Consumer spending, consumer confidence and jobs data are the three most important indicators in the US in present circumstances, which are being watched most closely to assess the strength and pace of economic recovery.

Last week the macroeconomic story was quite interesting in Asia, besides which there were several surprising moves that bolstered investor confidence. The first such surprise came from the Bank of Japan, which called an emergency policy meeting in the face of government pressure to do more to beat deflation. It offered around 10 trillion yen (around Rs5 trillion) in three-month funds at 0.1% and kept its key interest rate steady at 0.1%. This was a big positive, and Japan, which had been seeing a downtrend in the equity markets for the last five weeks, was suddenly the hot spot among Asian markets as foreign investors found it least risky among major markets.

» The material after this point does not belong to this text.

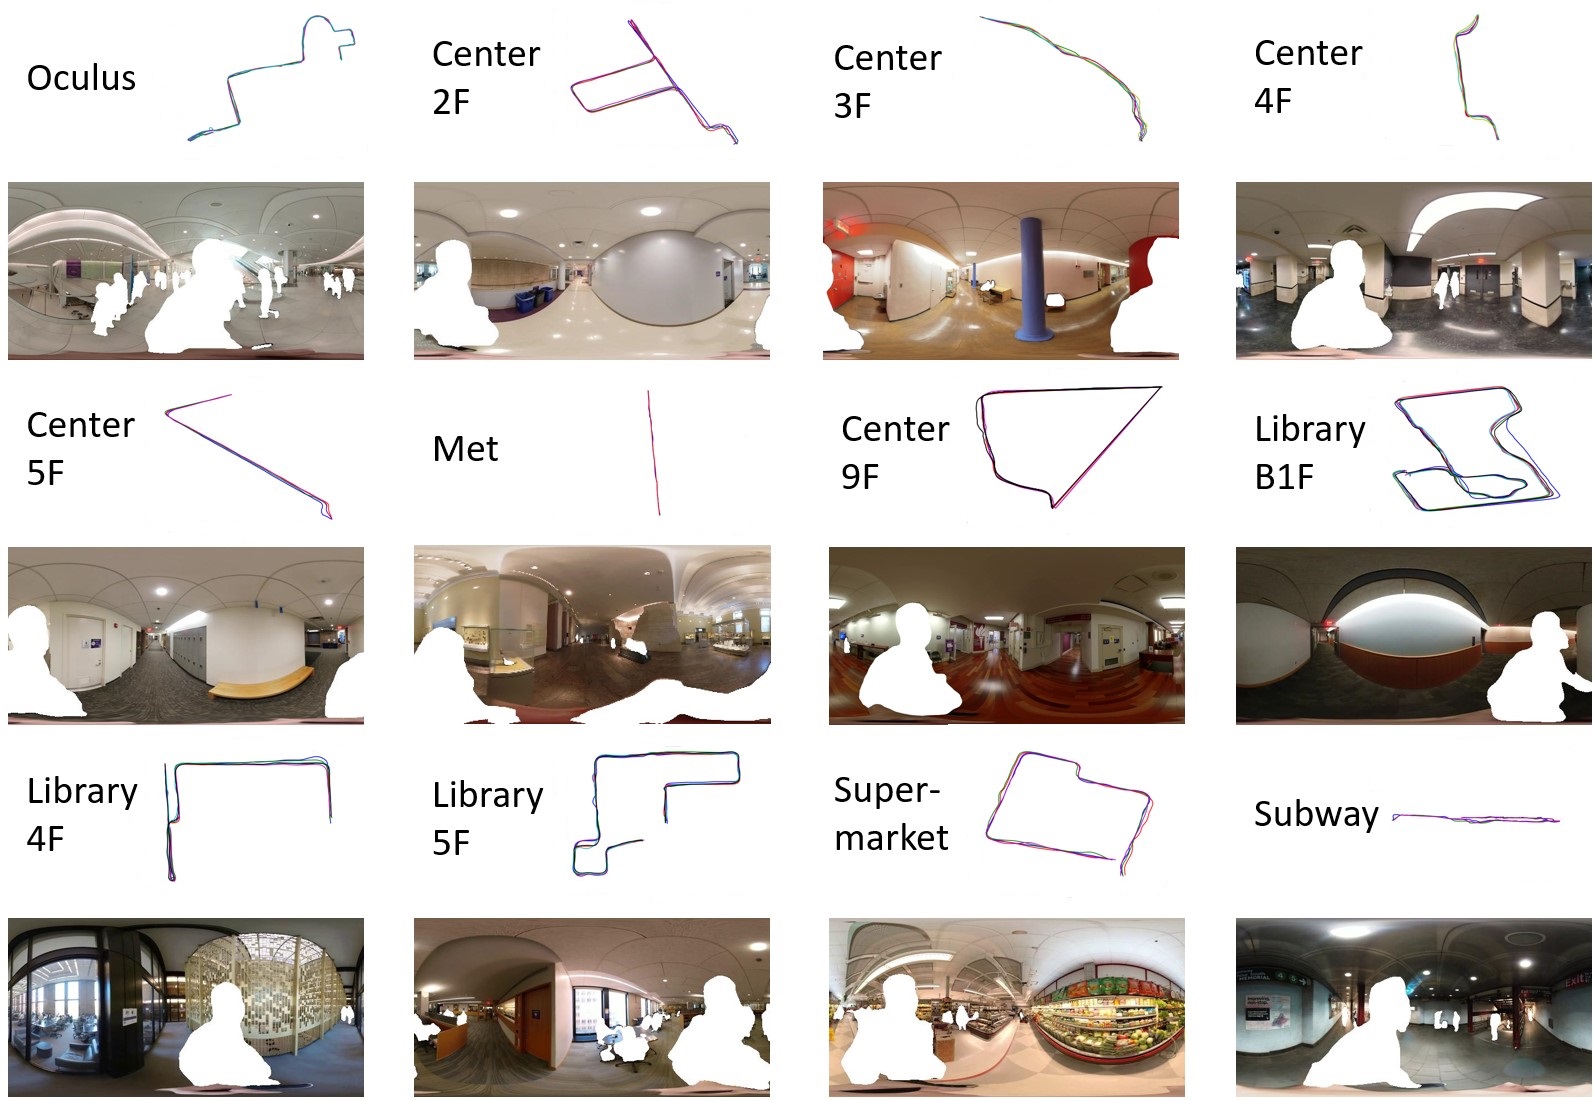 NYC-Indoor-VPR: A Long-Term Indoor Visual Place Recognition Dataset with Semi-Automatic Annotation

Also Read Vipul Verma’s earlier columns

India was quite silent last week, though it closed around 2.82% higher over the previous week. The scepticism on Indian bourses was strange as it declared surprisingly good second-quarter gross domestic product (GDP) numbers, which showed the economy grew at its fastest in a year in the quarter, at 7.9%, far above forecasts of 6.3%. But the response of the stock market was not in sync, as analysts had apprehensions that this could be a one-off.

Even as investors were rejoicing over the credentials of the Indian economy, concerns over a rise in interest rates sooner rather overshadowed the euphoria. However, I think that given the fact that this quarter’s GDP could be affected by the monsoon, there will be pressure on government to keep pro-economic growth policies in place for some more time.

This week, the most important factor for global bourses is the movement in the dollar. The dollar’s sharp rally against a basket of currencies on Friday raises a lot of questions. The first and the most important: Is this the end of the weak trend in the dollar? This is a very relevant question despite everyone believing the dollar is likely to weaken further. If more signs of strong economic recovery are reflected in the US economy, it would pressure the Federal Reserve to raise interest rates, and this might impact the dollar carry trade, which is now a part of the huge liquidity on world bourses. Any sign of a slowing of dollar carry trade could spell doom despite macroeconomic data remaining strong, as the current rally in world markets is driven more by liquidity than fundamentals. So, watch the dollar, forget the Dow.

On the economic front, the US will release initial jobless claims, November retail sales, preliminary reading for December on consumer sentiment and the trade deficit for October. All these data are very important and would shed light on the US economy. Retail sales for November would be especially important to assess the outcome of Black Friday.

Back home, India’s economic growth would be put to test again as industrial and manufacturing output for the month of October would be closely watched. After September’s stellar industrial performance and last week’s surprising GDP numbers, the bar would be higher for the Index of Industrial Production data for October.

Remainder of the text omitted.